We believe the combination of ipilimumab with other anti-PD agents continues to hold much promise, as recently demonstrated by the positive readout in the combination arm of BMS CheckMate 227 trial in lunch cancer.
However, it's well accepted that the full potential of this IO/IO combination is limited by the profound toxicity of these mechanisms when used together. And it's important to note that BMS was limited to 1 mg/kg of ipi every six weeks in the 227-study compared to the full label dose of 3 mg/kg every three weeks.
Our previously reported Phase I data has shown that CX-072 is generally well-tolerated with full dose ipilimumab. Moreover, we have reported deep and durable responses for this combination in advanced-stage patients. This Phase I work also established the maximum tolerated dose of the combination as 10 mg/kg of CX-072 and 3 mg/kg of ipilimumab.

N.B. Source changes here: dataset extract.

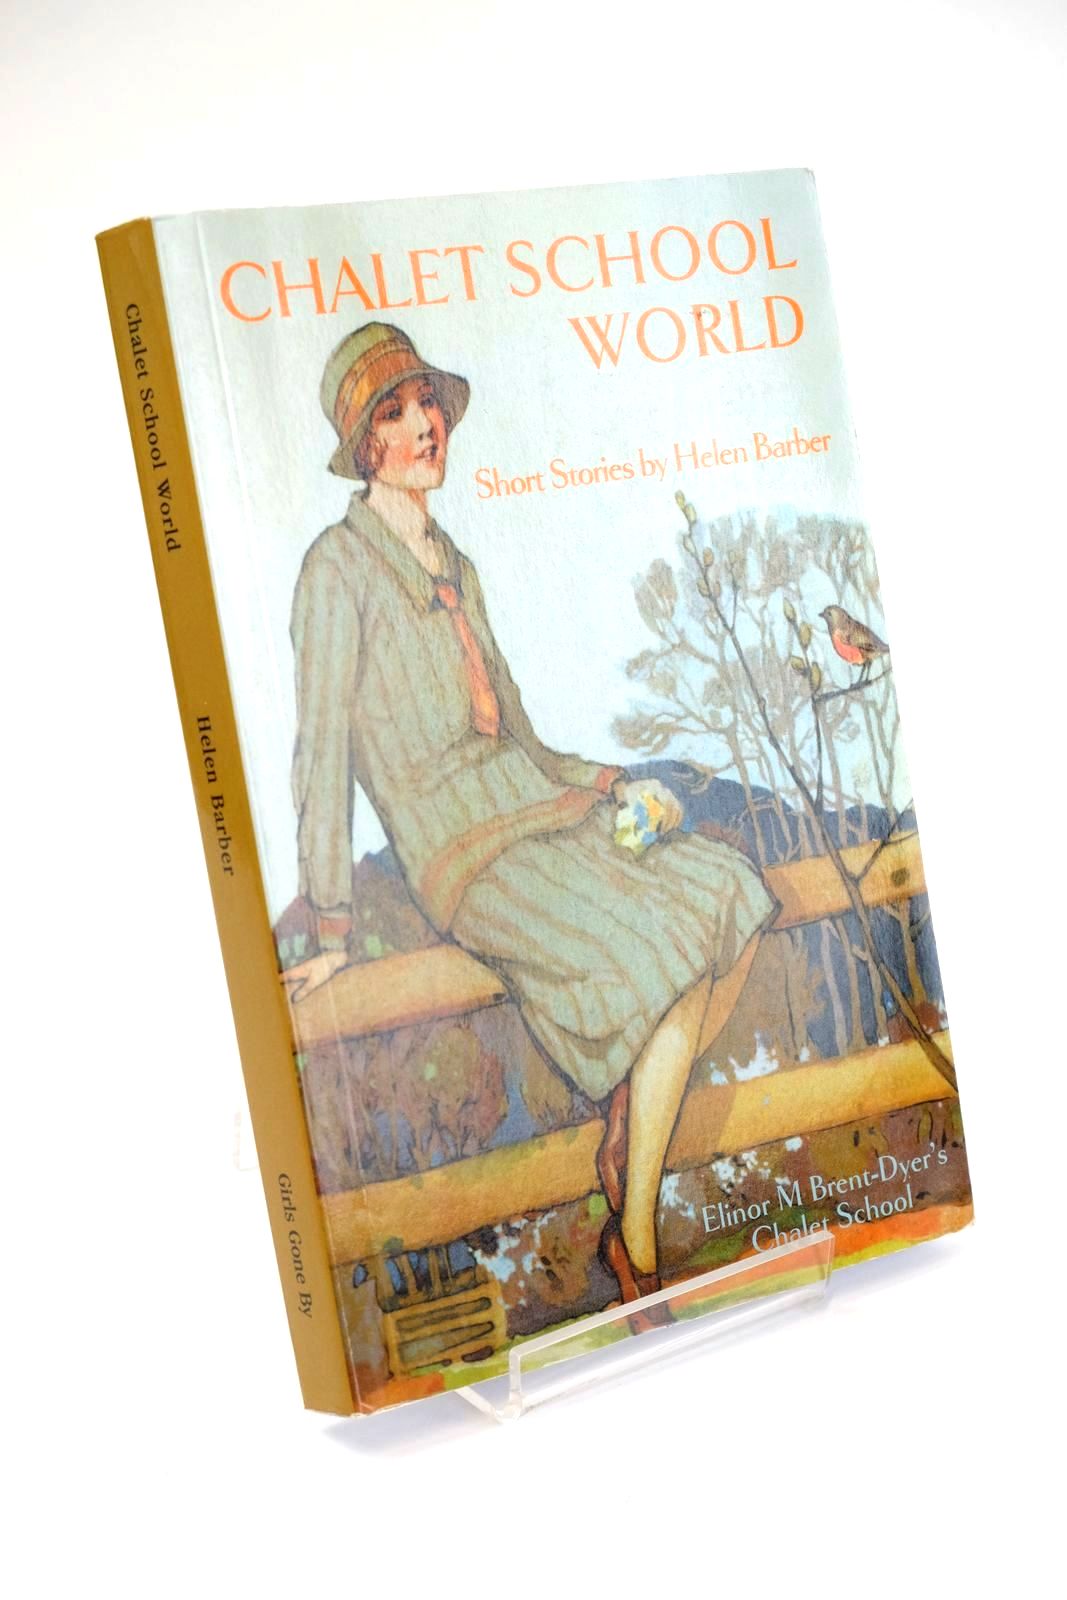 Photo of CHALET SCHOOL WORLD written by Brent-Dyer, Elinor M. Barber, Helen published by Girls Gone By (STOCK CODE: 1324153)  for sale by Stella & Rose's Books

We are now in the process of initiating the next phase of development of this combination and will be providing additional details in the near future. Turning now to our second wholly owned program, CX-2009, a potentially first-in-class probody drug conjugate targeting CD166, a unique and broadly expressed tumor antigen.
Because Probody therapeutics are designed to minimize binding of the drug to normal tissues, we believe we're in a unique position to address a new class of targets with attractive molecular features that were previously thought undruggable because of high expression on normal tissues. CD166 is an example of this kind of target.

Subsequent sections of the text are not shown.